WHAT IS BEING ASKED
In the entries below, the line with "Total Diamond Weight: 0.85 Ct" marks the start. Return it and every following line exactly, ending with the last.

(Recorded data)
● ● ●
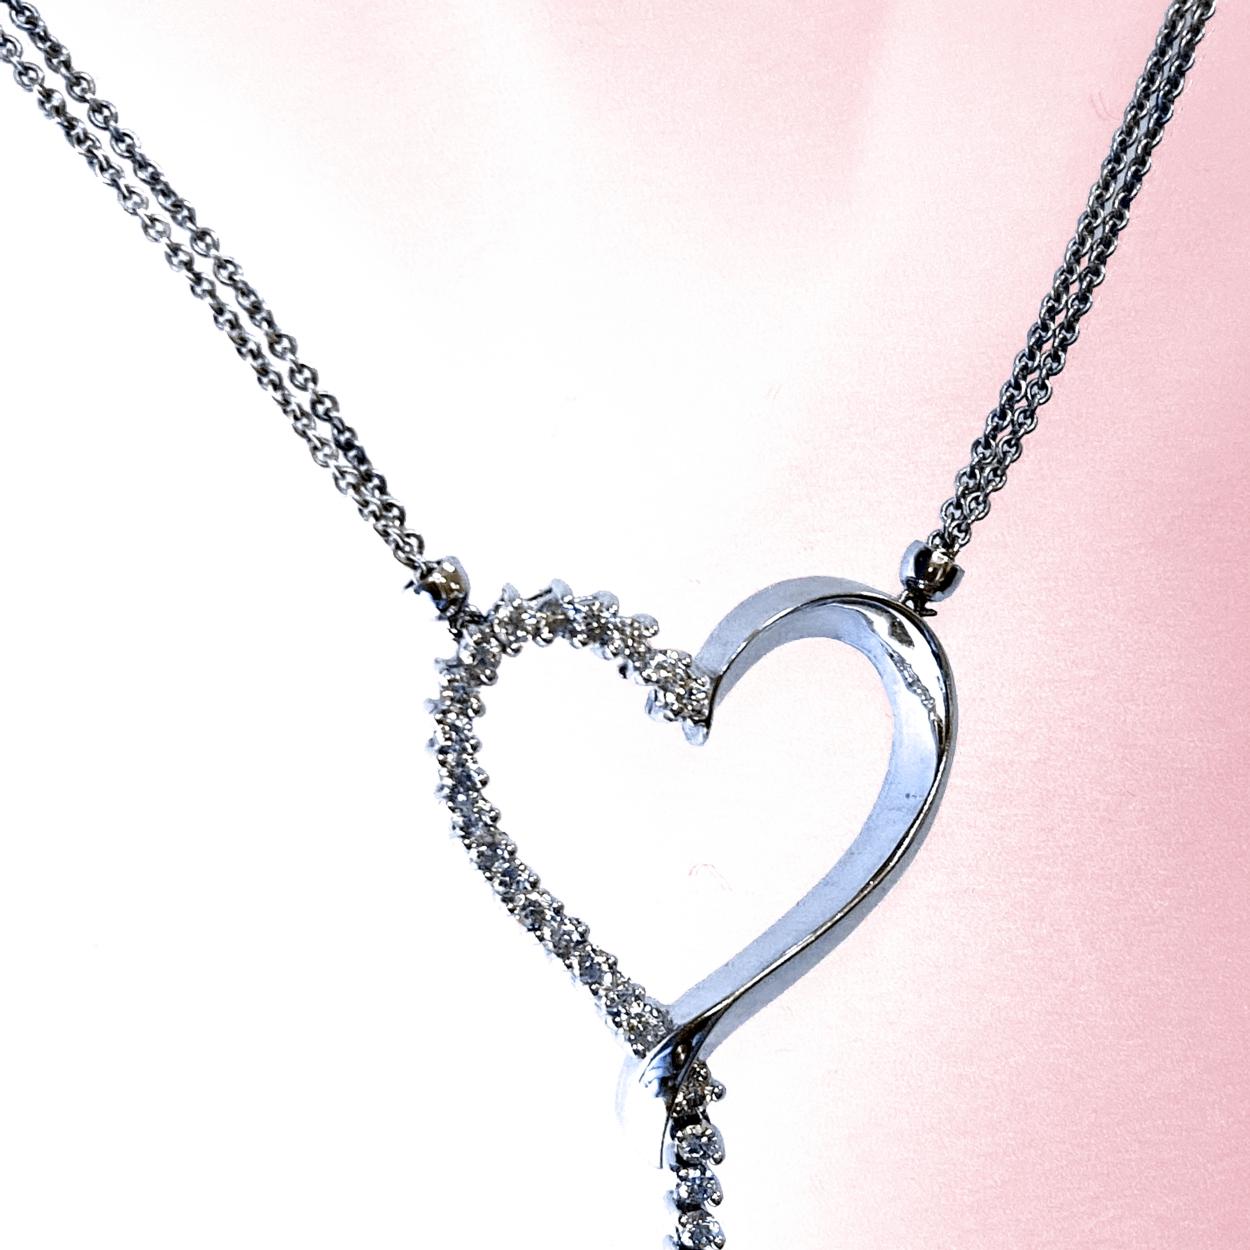 14K Gold Pave Set Diamond Heart Necklace on double strand chain. 35 pieces of 1.7mm Round Brilliant diamonds with total Diamond Weight of 0.85 Ct. 
Total Diamond Weight: 0.85 Ct
Total Necklace Weight: 9.55 gr
Heart Pendant Size 25x25 mm
Dangle
● ● ●
SOLUTION FOR THIS EXERCISE
Total Diamond Weight: 0.85 Ct
Total Necklace Weight: 9.55 gr
Heart Pendant Size 25x25 mm
Dangle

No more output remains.